4.1. Improved Water Access, Child Stunting, and Wasting
We find a persistent and statistically significant association between improved access to drinking water and reduced odds of child stunting, even after adjusting for household wealth, region, religion, and other sociodemographic factors. This aligns with findings in Indonesia [7] and contests findings of a study in Karamoja, Uganda [23]. The effect is more pronounced for stunting than for wasting, likely due to the chronic nature of stunting and its stronger biological links to repeated enteric infections from unsafe water to impaired nutrient absorption over time [2,24]. However, the attenuation of the effect size with full adjustment suggests that clean water is not universally transformative. Its impact depends on the consistency of use, household storage practices, and whether clean water is paired with adequate hygiene behaviors [25]. Thus, policies should not interpret “improved source” categorization as a sufficient indicator of effective intervention. Rather, investment in water infrastructure must be integrated with sustained behavior change programming, routine quality monitoring, and tailored community health education that reflects local context and norms.

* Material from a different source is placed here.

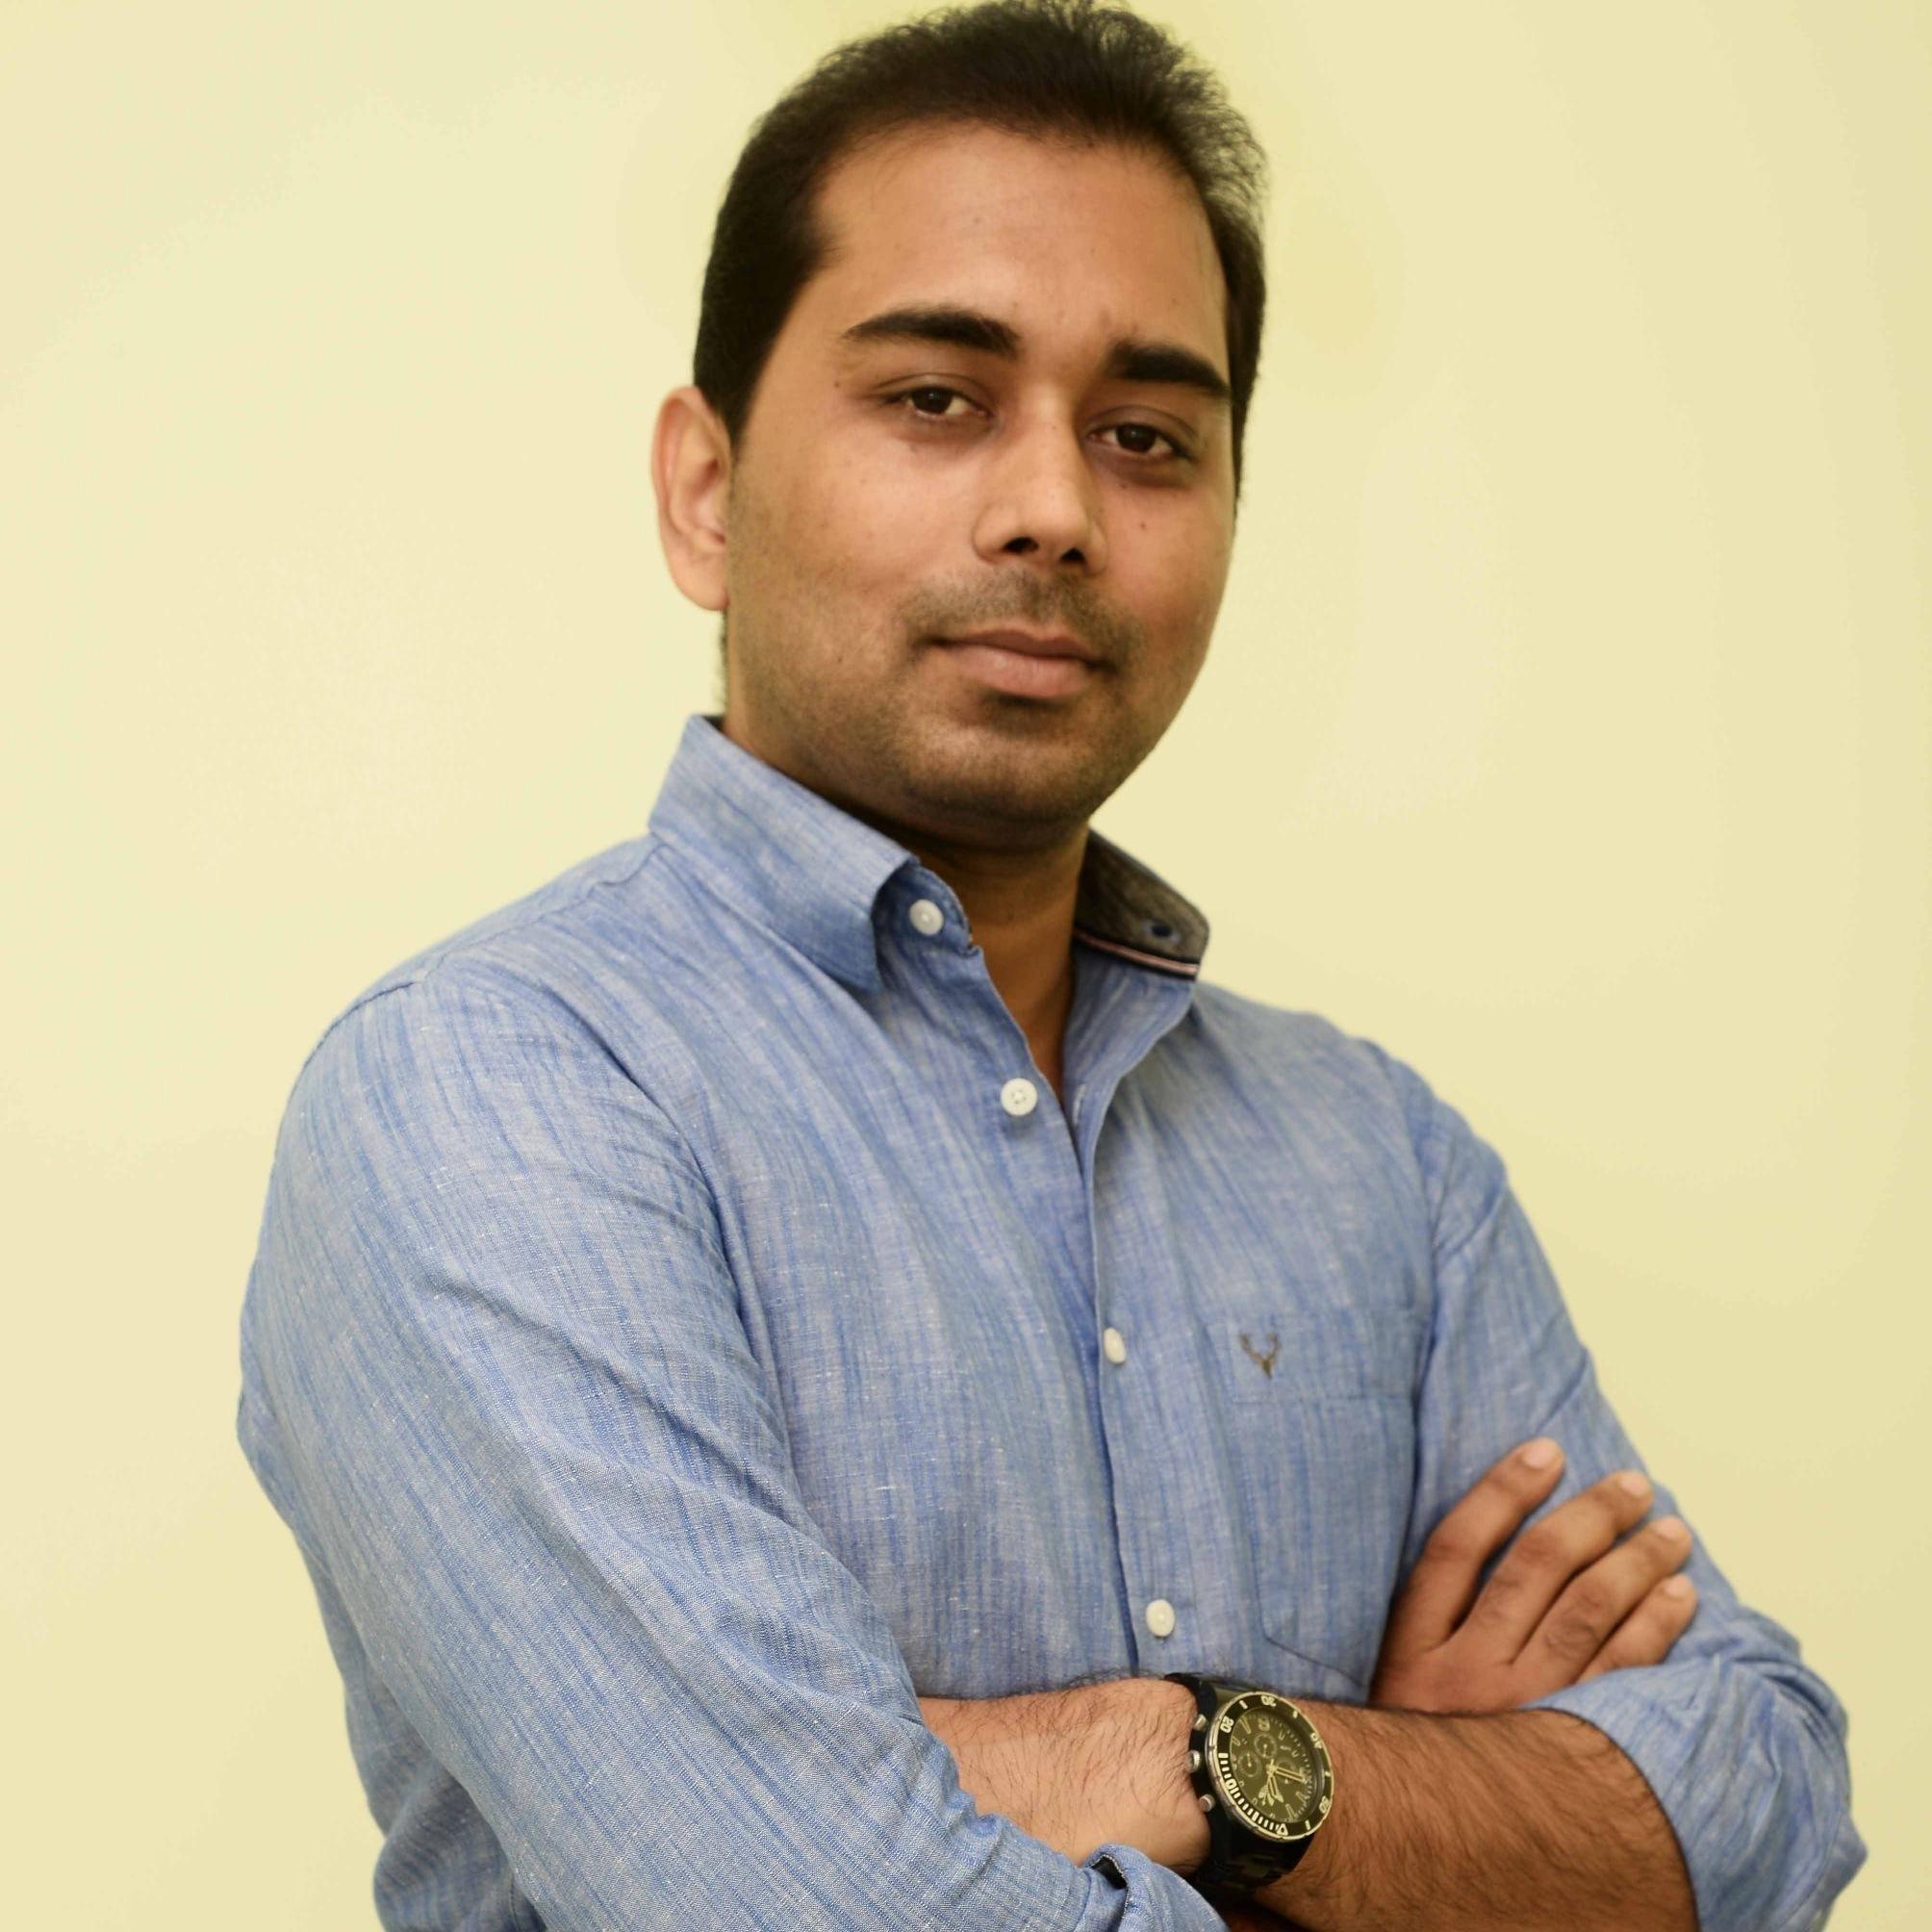 Vishnu Vankayala

4.2. Improved Sanitation, Child Stunting, and Wasting
Improved sanitation was not significantly associated with either stunting or wasting after adjusting for household-level and regional variables. These findings temper the conclusion that improved sanitation had meaningfully reduced the risk of wasting in Laos [12] but agree with findings in Benin, where there was no evidence of a significant relationship between household access to WASH and wasting in children under five [11]. These patterns are consistent with biological theory: stunting reflects chronic nutritional stress and long-term exposures, conditions shaped by sustained water quality and infection burden, while wasting is often a short-term response to acute food insecurity or illness. In addition, households may have improved toilets but not use them consistently, or may live in communities where open defecation persists at the population level, undermining household-level gains. Indeed, some studies suggest that unimproved toilet facilities and unprotected water sources are better predictors of wasting than the presence of improved sanitation per se [26]. Notable nutritional gains from sanitation may require threshold effects, where benefits accrue only when usage reaches a critical density across communities.
For policymakers, it suggests that WASH interventions alone may not be the best solution to reduce wasting in children under five in Mozambique and that alternatives or better integrated WASH programs are needed.

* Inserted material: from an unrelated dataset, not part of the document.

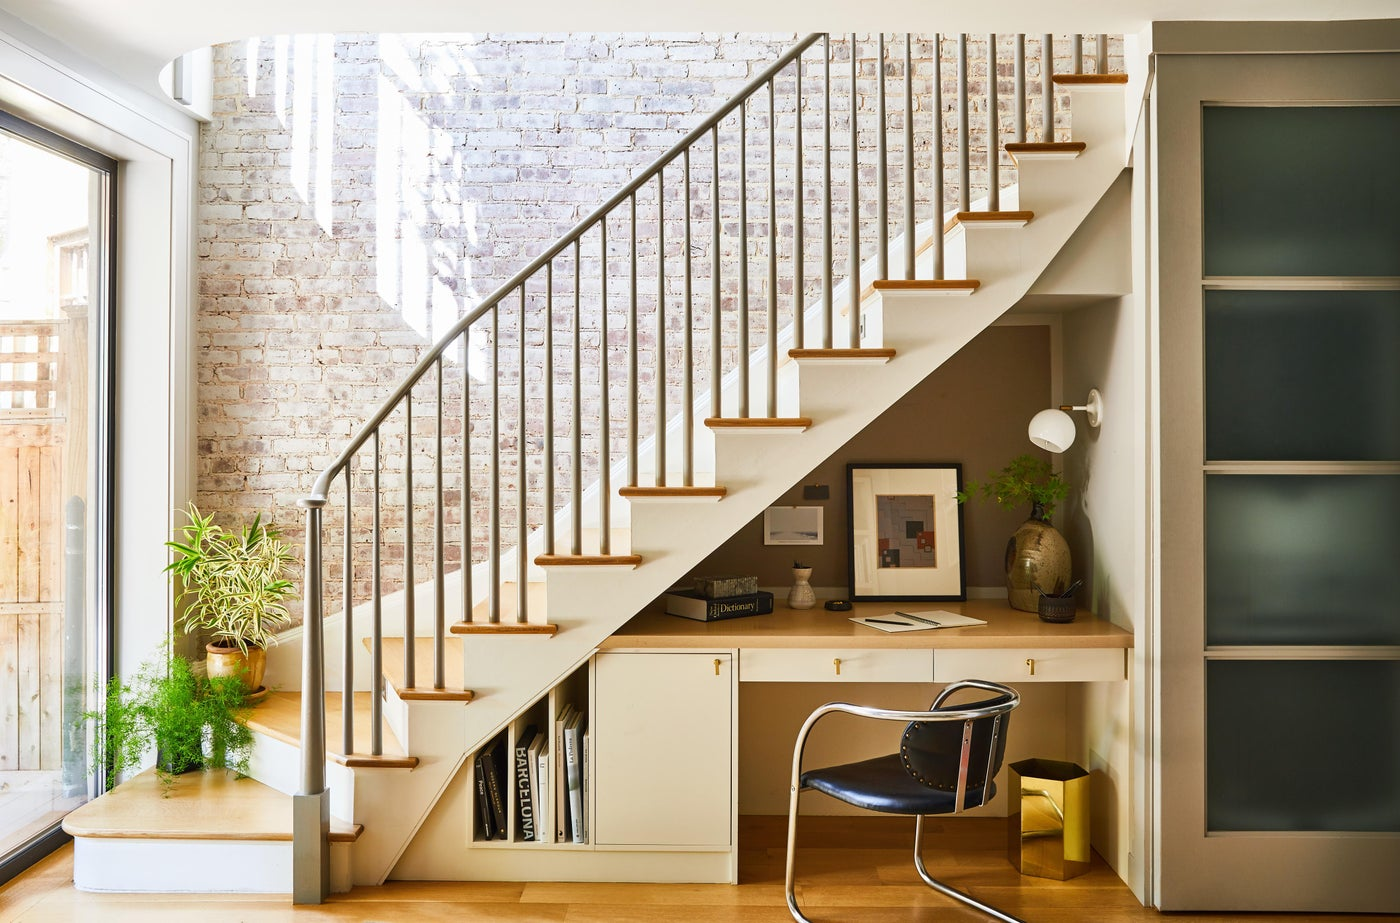 Hudson Street Brownstone I Staircase Nook | Exposed Brick | Office | Desk Nook

4.3. Gender, Religion, and Child Malnutrition
This study also highlights subtler but equally important sources of variation. Female children had significantly higher odds of stunting compared to male children, in contrast to global patterns where boys are typically more vulnerable to undernutrition [27]. This reversal may reflect gendered caregiving norms in Mozambique that prioritize male children in intra-household food allocation or health-seeking behavior. If so, standard nutritional interventions will be insufficient unless they also address underlying social norms. Similarly, religion, often excluded from policy discussions, was associated with stunting risk in some models. Though effects attenuated after full adjustment, the consistent associations with Zionist and Evangelical households align with the idea that different religious affiliations may influence child health. For instance, the improved child survival seen among Catholic and mainline Protestant or Evangelical families is likely linked to these churches’ stronger integration with the healthcare system, while the positive outcomes associated with Apostolic/Zionist households may stem from close-knit social networks and mutual support within their congregations [28]. This suggests that faith-based beliefs and networks may shape health behaviors, caregiving practices, or even food availability.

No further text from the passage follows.